Она посмотрела на меня так, как умеют смотреть только женщины: взглядом эдакой иронической и усталой мудрости – откуда они только ее берут, ведь не переймешь, и она точно не зависит от возраста.
Эта мудрость у них в крови с самого рождения.
– Ты правда такой дурак? – вот такой был мне ответ.
Потом она положила мне на плечо руку – на секундочку, так, словно мы двое старых приятелей, сидим себе и беседуем тихо-мирно, – а потом медленно повела ее вниз, по груди, по животу, пока не ухватила пояс джинсов, как раз над металлической пуговкой, где написано «Levi's». И медленно, медленно стала тянуть меня за пояс к постели, а сама смотрит на меня так внимательно, с любопытством и будто бы даже забавляясь. Как девчонка, знающая, что выходит за рамки.
– Где ты научилась этому? – спросил я.
– По телевизору.
И тут она рассмеялась, и я тоже рассмеялся, и мы, обнявшись, упали на простыни и… ну, в общем, сами понимаете. Я делал все очень медленно, осторожно, внимательно следя, чтобы ей было хорошо, и вдруг увидел ее широко распахнутые глаза и понял, что ей куда страшнее, чем мне, по-настоящему страшно, и почувствовал, что она цепляется за меня так, будто, кроме меня, у нее больше никого и ничего нет на свете. Да, пожалуй, так оно и было. И тут я снова весь как-то размяк внутри и, обняв ее, принялся целовать нежно-нежно, как только мог, потому что боялся сделать ей больно. Рот у нее был нежный, теплый – я такого еще никогда не встречал, и в первый раз в жизни мне подумалось, что моя бедная старушка, если она видит меня оттуда, где она теперь, оттуда, сверху, не может рассердиться на меня за все это.

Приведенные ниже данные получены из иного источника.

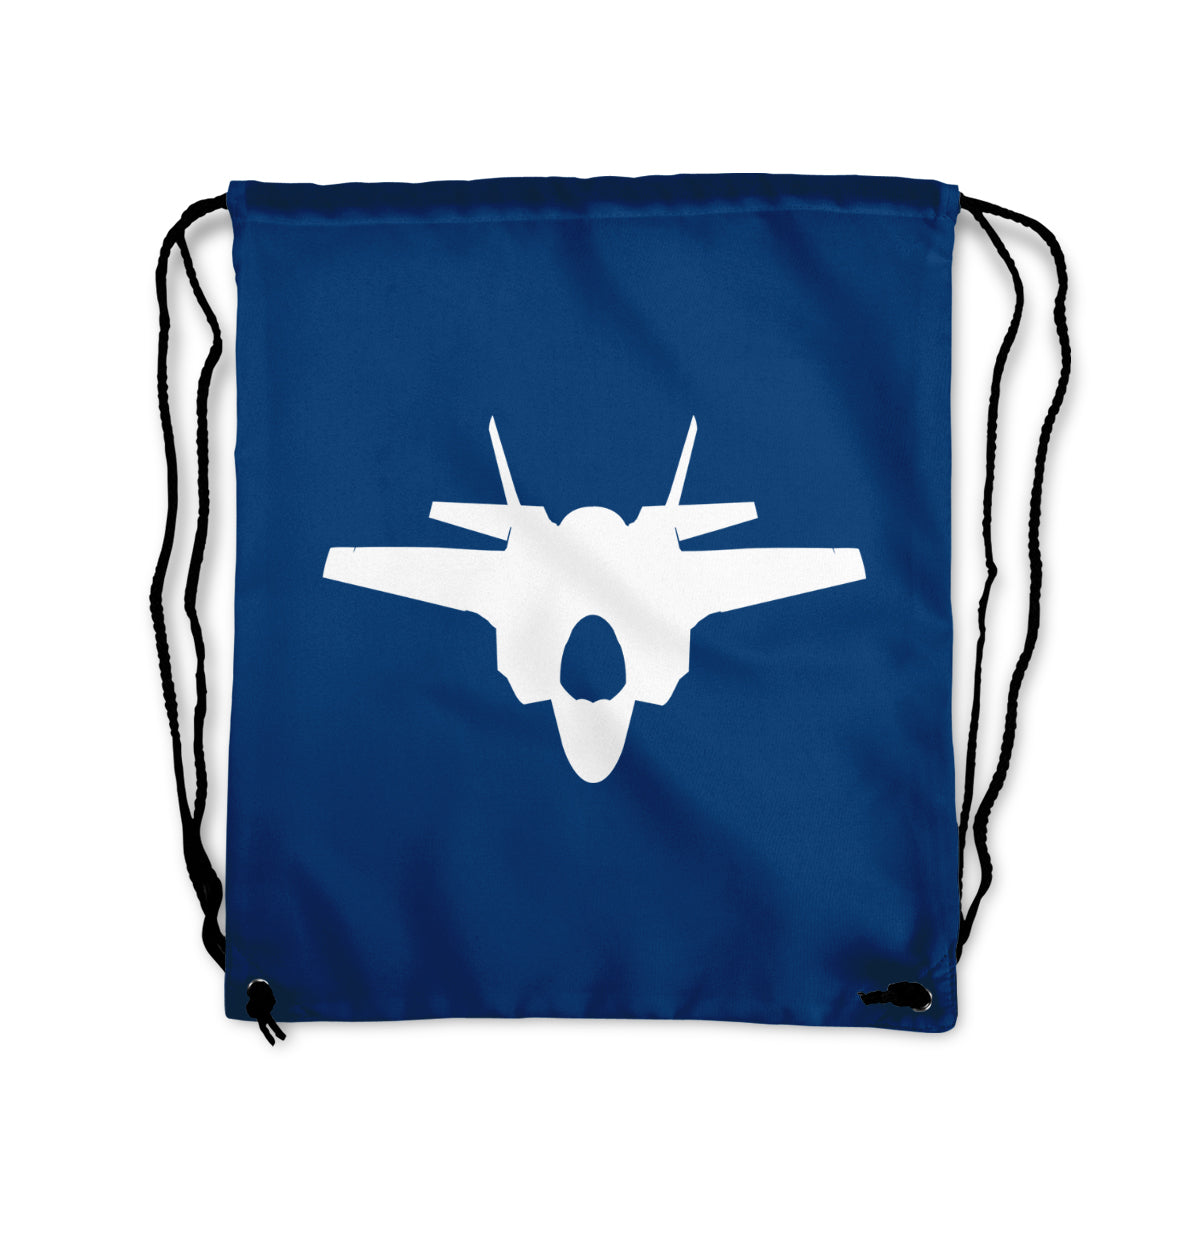 Lockheed Martin F-35 Lightning II Silhouette Designed Drawstring Bags
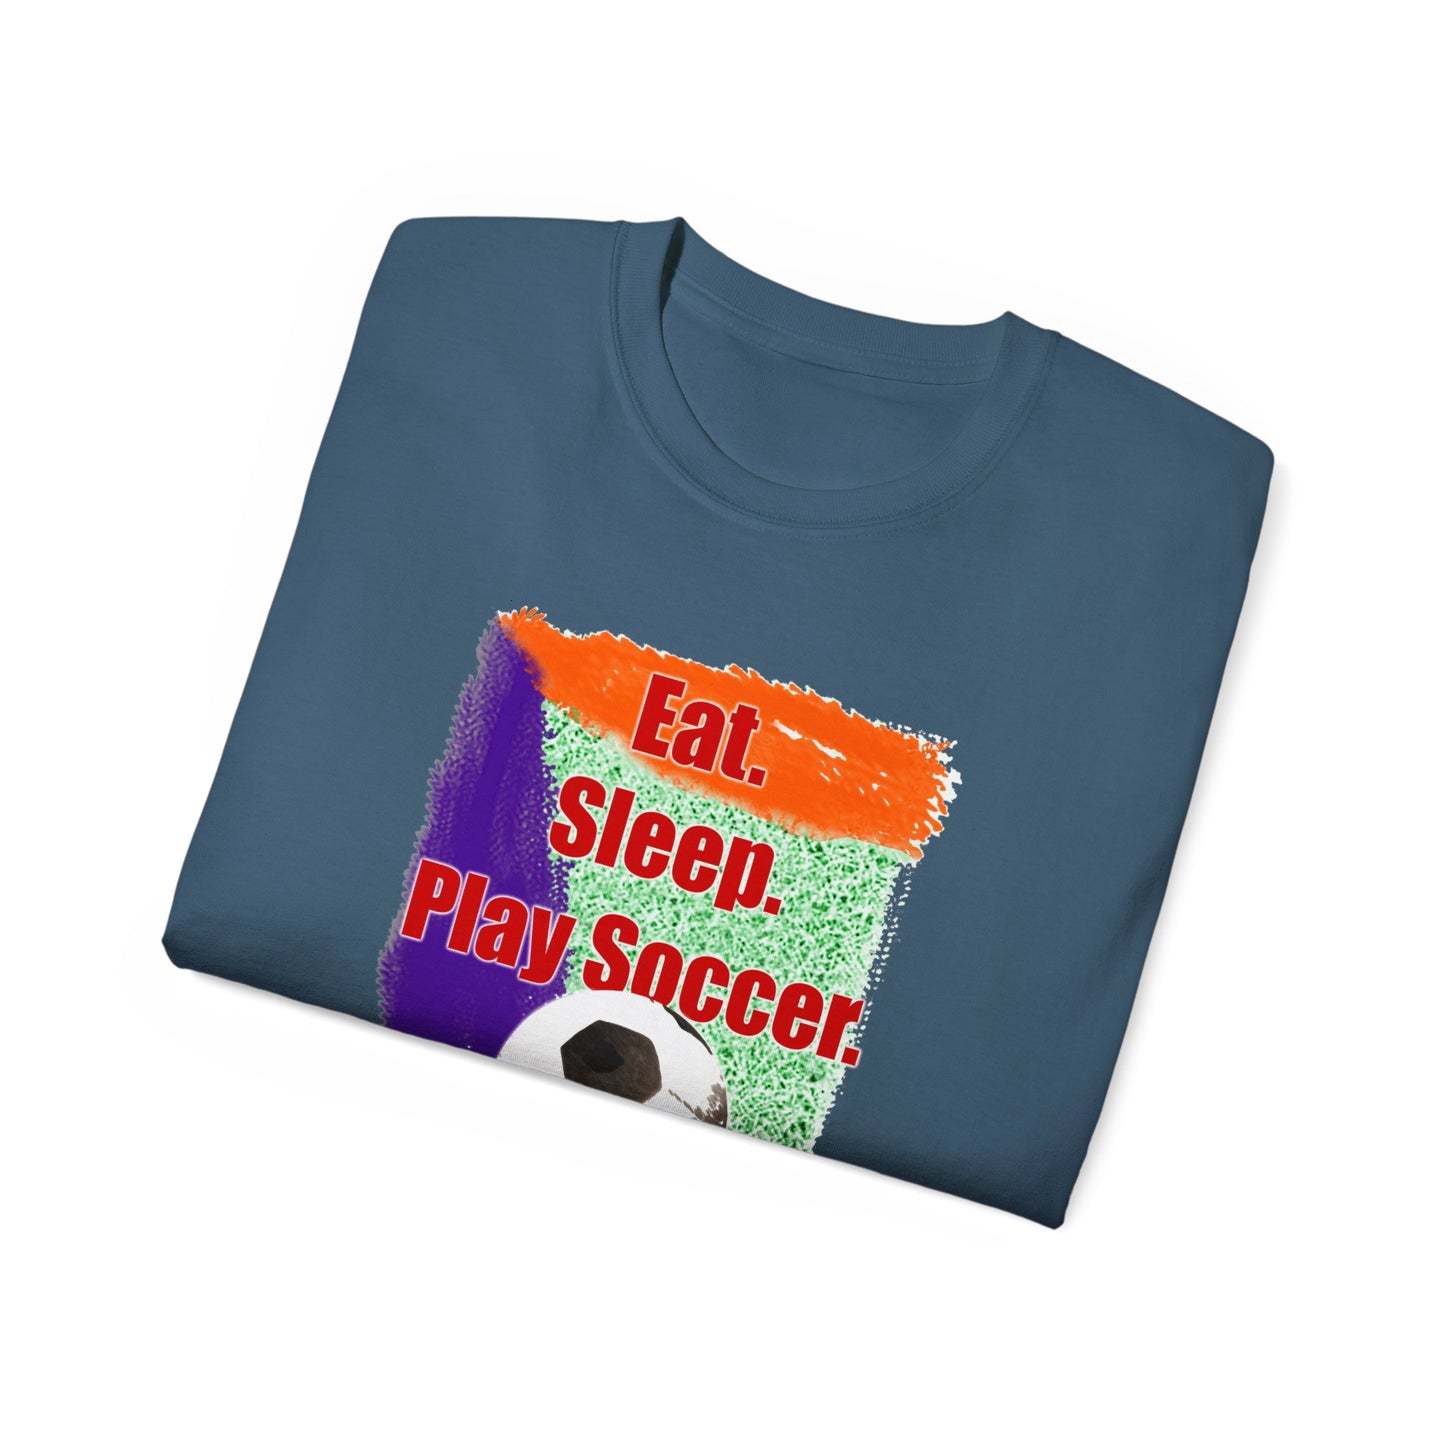 Eat Sleep Play Soccer, Eating and Sleeping Optional, Funny Full Color Vibrant Print Soccer T-Shirt, baseball gift, baseball t-shirt, tee

– Кусочек, – сказал я тихонько.
И ее губы улыбнулись под моими губами, а ее глазищи, по-прежнему широко раскрытые, все так же пристально смотрели на меня в полумраке. И тогда я вспомнил, как однажды в нашей казарме в Сеуте взорвалась учебная граната, и как в Эль-Пуэрто меня чуть не прикончили за то, что я отказался подставить задницу одному крутому парню, и как один раз я задремал за рулем на въезде в Талаверу и только чудом не расшибся в лепешку. Припомнил я все это и подумал: а ведь тебе повезло, Маноло, коллега, тебе здорово повезло, что ты остался жив. Что при тебе твоя плоть, и твои чувства, и твоя кровь, бегущая по венам, потому что иначе ты не испытал бы всего того, что испытываешь сейчас, а теперь уже никому не отнять у тебя этого. Все стало нежным, и влажным, и горячим, а я все думал, снова и снова повторял про себя, чтобы не расслабляться: я должен выйти прежде, чем у меня сорвет пружину и я наделаю ей беды. Но ничего такого не потребовалось, потому что в этот момент в дверях что-то грохнуло, вспыхнул свет, и, обернувшись, я увидел перед собой ухмылочку португальца Алмейды и кулачище Окорока, летящий прямехонько к моей голове.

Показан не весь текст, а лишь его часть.